Direct References

The ultimate goal of constant pool resolution is to replace a symbolic reference with a direct reference. The form of symbolic references is well-defined in Chapter 6, "The Java Class File," but what form do direct references take? As you might expect, the form of direct references is yet another decision of the designers of individual Java virtual machine implementations. Nevertheless, there are some characteristics likely to be common among most implementations.

Direct references to types, class variables, and class methods are likely native pointers into the method area. A direct reference to a type can simply point to the implementation-specific data structure in the method area that holds the type data. A direct reference to a class variable can point to the class variable's value stored in the method area. A direct reference to a class method can point to a data structure in the method area that contains the data needed to invoke the method. For example, the data structure for a class method could include information such as whether or not the method is native. If the method is native, the data structure could include a function pointer to the dynamically linked native method implementation. If the method is not native, the data structure could include the method's bytecodes, max_stack, max_locals, and so on. If there is a just-in-time-compiled version of the method, the data structure could include a pointer to that just-in-time-compiled native code.

Direct references to instance variables and instance methods are offsets. A direct reference to an instance variable is likely the offset from the start of the object's image to the location of the instance variable. A direct reference to an instance method is likely an offset into a method table.

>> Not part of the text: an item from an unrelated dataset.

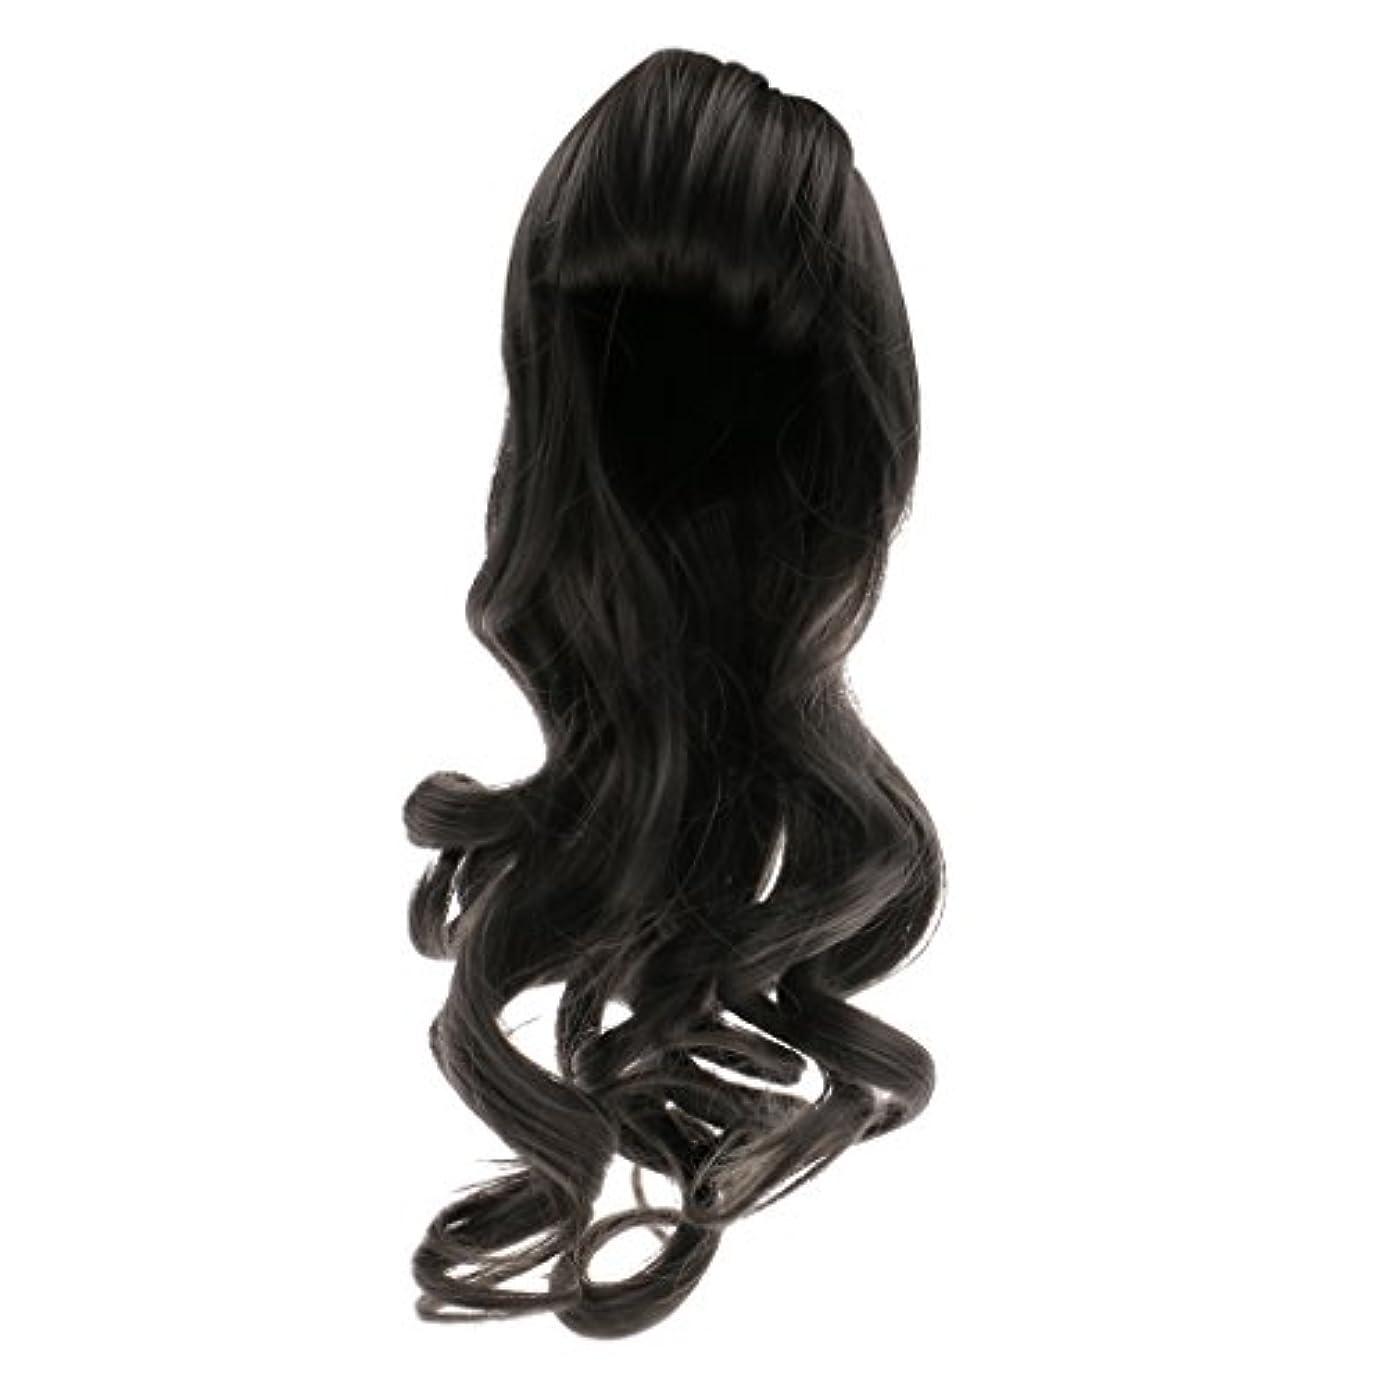 一口パーツ追跡Blesiya 人形用 ドールウィッグ かつら 巻き毛 波状髪 セクシー 前髪 ブライス人形適用 全6色選べ  - #1

Using offsets to represent direct references to instance variables and instance methods depends on a predictable ordering of the fields in a class's object image and the methods in a class's method table. Although implementation designers may choose any way of placing instance variables into an object image or methods into a method table, they will almost certainly use the same way for all types. Therefore, in any one implementation, the ordering of fields in an object and methods in a method table is defined and predictable.

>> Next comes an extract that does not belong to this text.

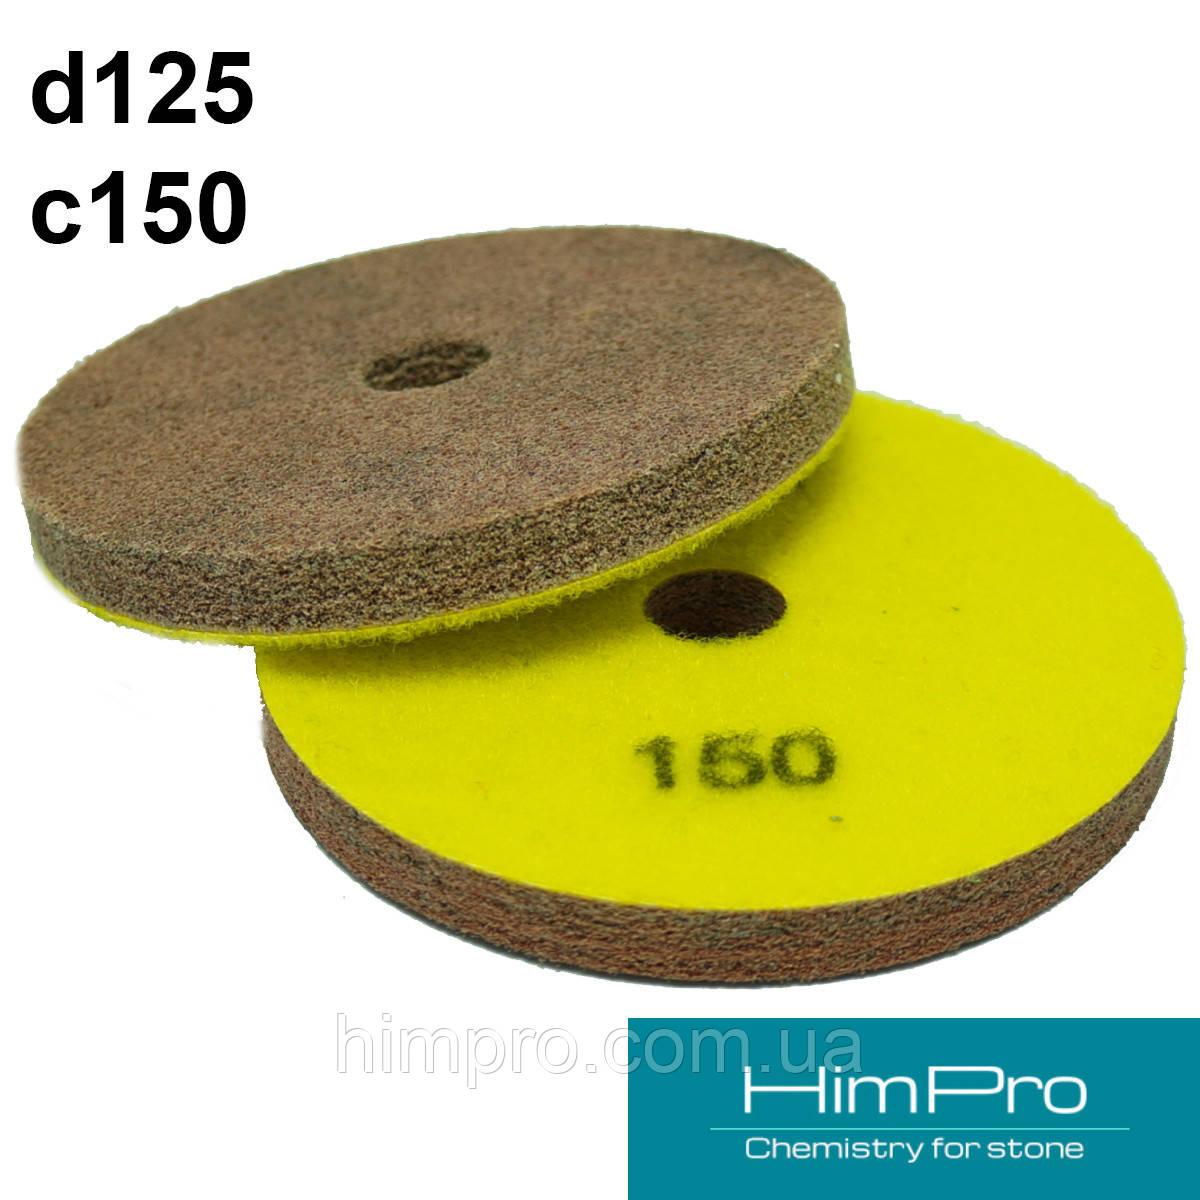 Алмазные спонжи d125 C150

As an example, consider this hierarchy of three classes and one interface:

// On CD-ROM in file linking/ex4/Friendly.java
interface Friendly {

    void sayHello();
    void sayGoodbye();
}

// On CD-ROM in file linking/ex4/Dog.java
class Dog {

    // How many times this dog wags its tail when
    // saying hello.
    private int wagCount = ((int) (Math.random() * 5.0)) + 1;

    void sayHello() {

        System.out.print("Wag");
        for (int i = 0; i < wagCount; ++i) {
            System.out.print(", wag");
        }
        System.out.println(".");
    }

    public String toString() {

        return "Woof!";
    }
}

// On CD-ROM in file linking/ex4/CockerSpaniel.java
class CockerSpaniel extends Dog implements Friendly {

    // How many times this Cocker Spaniel woofs when saying hello.
    private int woofCount = ((int) (Math.random() * 4.0)) + 1;

    // How many times this Cocker Spaniel wimpers when saying
    // goodbye.
    private int wimperCount = ((int) (Math.random() * 3.0)) + 1;

    public void sayHello() {

        // Wag that tail a few times.
        super.sayHello();

        System.out.print("Woof");
        for (int i = 0; i < woofCount; ++i) {
            System.out.print(", woof");
        }
        System.out.println("!");
    }

    public void sayGoodbye() {

        System.out.print("Wimper");
        for (int i = 0; i < wimperCount; ++i) {
            System.out.print(", wimper");
        }
        System.out.println(".");
    }
}

// On CD-ROM in file linking/ex4/Cat.java
class Cat implements Friendly {


    public void eat() {

        System.out.println("Chomp, chomp, chomp.");
    }

    public void sayHello() {

        System.out.println("Rub, rub, rub.");
    }

    public void sayGoodbye() {

        System.out.println("Scamper.");
    }

    protected void finalize() {

        System.out.println("Meow!");
    }
}

Assume these types are loaded into a Java virtual machine that organizes objects by placing the instance variables declared in superclasses into the object image before those declared in subclasses, and by placing the instance variables for each individual class in their order of appearance in the class file. Assuming there are no instance variables in class Object, the object images for Dog, CockerSpaniel, and Cat would appear as shown in Figure 8-1.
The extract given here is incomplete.